![]() |
& | ![]() |
The goal of the project is explicitely not adding new user-visible features, but to improve the current implementation and make the network stack more reliable.
Mandatory (must-have) components:
To ensure correct handling of read-only storage, the "const" qualifier should be used to leverage the compiler-provided checking.
Converting legacy protocols such as XNS, ISO, or Appletalk is optional.
Code which hasn't been converted because it did not match the new API well should be documented to provide basis for future improvements. Also there should be documentation of the assumptions made by current code, especially code that we can't change easily because it is shared with other projects.
Optional (would-be-nice) components:
Finally, two patches need to be applied: files.patch and netccitt.patch.
There is also an optional xen.patch, suggested by Manuel Bouyer, which is useful for debugging read-only mbufs under NetBSD/Xen 2 unprivileged domain. If READONLY_MBUF is defined, the xennet driver maps the external storage read-only, so any code attempting to write there crashes the kernel.
For testing the new routines there is a possibility to compile them in an userland application, which is much easier to debug than kernel. See a separate page for details.
Documentation of the API is provided in the form of an updated mbuf(9) man page (search for mptr, m_datarange and M_SETCONTIGSIZE).
if (m->m_len < sizeof(struct ether_header)) {
m = m_pullup(m, sizeof(struct ether_header));
if (m == NULL)
return NULL;
}
eh = mtod(m, struct ether_header *);
Given that this idiom is very common, this should be replaced by something simpler. More importantly, the mtod() should be replaced by a macro which does check the length and writability to make the code which does not use m_pullup() to reliably fail if the assumptions are incorrect. Currently, such code mostly works, leading to hard-to-repeat bugs.
With suggestions from my mentors, we determined a possible way to achieve this goal. One would introduce a macro, say mptr(), which would take as argument the type of the structure whose pointer is to be obtained, unlike the current mtod, which takes the type of the pointer itself. It would apply sizeof to the type and ensure (with m_pullup) that the mbuf data are contiguous in a sufficient length to contain the whole structure. The returned pointer would be const.
There would be also a variant to return a writable pointer (which would make the mbuf writable automatically). And also a variant to skip the m_pullup if the caller somehow knows that the data are already contiguous. This would optionally check and panic if this assumption is incorrect.
This involves modifying lots of places, but the modifications should be quite straightforward ant the not-yet-modified code would continue to work.
To avoid calls to m_pullup or its equivalent, the mbufs should be made contiguous as soon as possible, preferably when enetring an encapsulation layer (like IP or Ethernet). At every entry to such encapsulation layer, the mbuf would be made contiguous to a size sufficient for headers of this layer. A simplest solution would be to use a size of 512 bytes, which should be enough. Then, all places in this layer where one can be sure that this is enough can stop using m_pullup or an equivalent. They should be converted to the above-proposed variant of mptr, which does not do the m_pullup, but optionally checks and panics.

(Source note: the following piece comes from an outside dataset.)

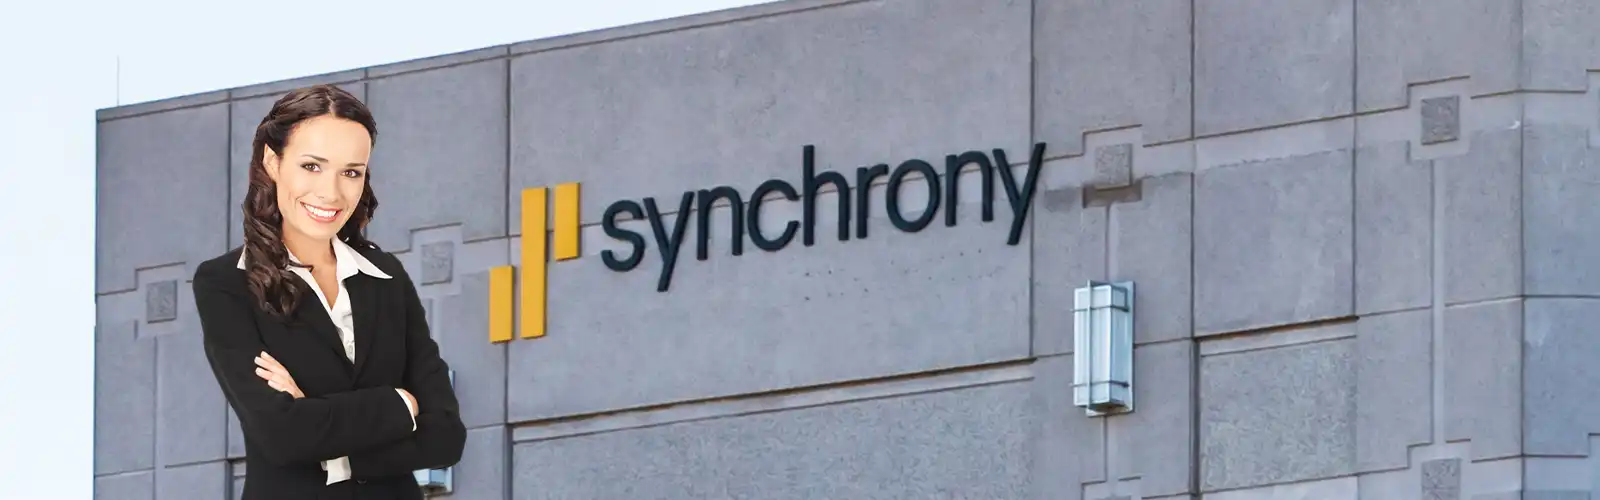 Synchrony-Bank-Customer-Service

A variant of the above would be to use some knowledge about the current layer's needs, to pullup only the necessary amount and not an arbitrary length as 512 bytes.
There will be of course places where one can't assume that a fixed-length is enough. An example are IPv6 header chains. In such occasions, one would have to still use an equivalent of m_pullup (such as the above-proposed mptr), but this should be rare.

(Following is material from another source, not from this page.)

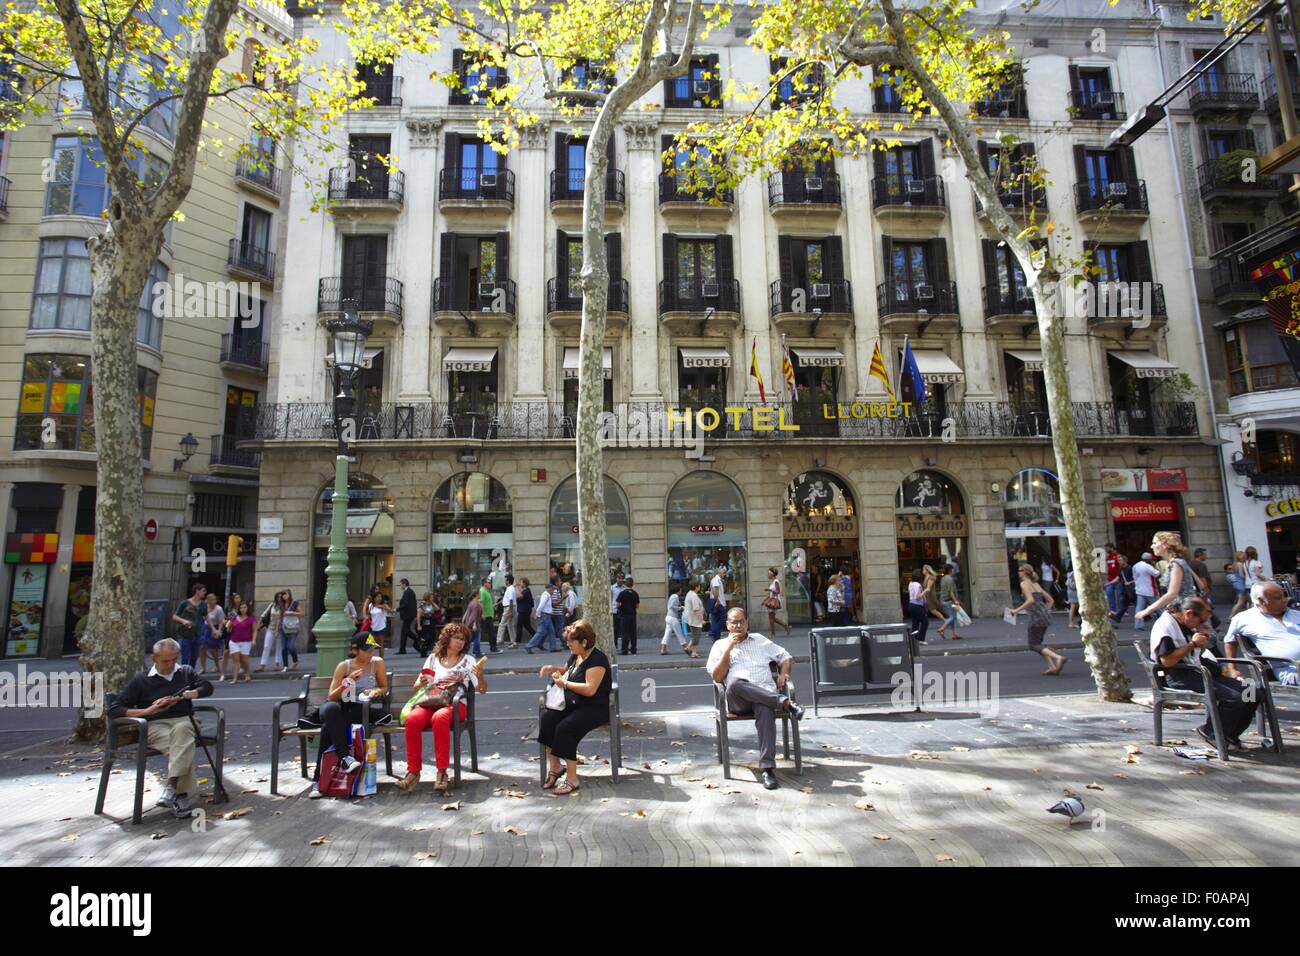 People shopping at La Rambla Las Ramblas shopping street in Barcelona, Spain Stock Photo

Another idea considered was to deprecate the m_pullup call completely. Instead of it, the code would be forced to always copy data from the mbuf to a local structure, typically allocated on stack (using some convenience macro which would replace mtod). This macro could skip copying in the case of contiguous data, but this would be transparent to the caller, because it would return a pointer either to the local variable or to the mbuf data. A problem arises when the mbuf needs to be writable. In that case, the caller would have to copy the structure back.
Another inconvenience arising from this approach is that if the same structure is repeatedly accessed from different functions, it needs to be copied (or at least checked for the need of copying) in all of the functions. Currently the mbuf can be pulled up in the first one in the call chain and if the others are always called with an already contiguous mbuf, they can skip the m_pullup call. All such code would have to be modified, which is very inconvenient for 3rd party code such as pf, where local modifications are undesirable. It would also probably have negative performance impact.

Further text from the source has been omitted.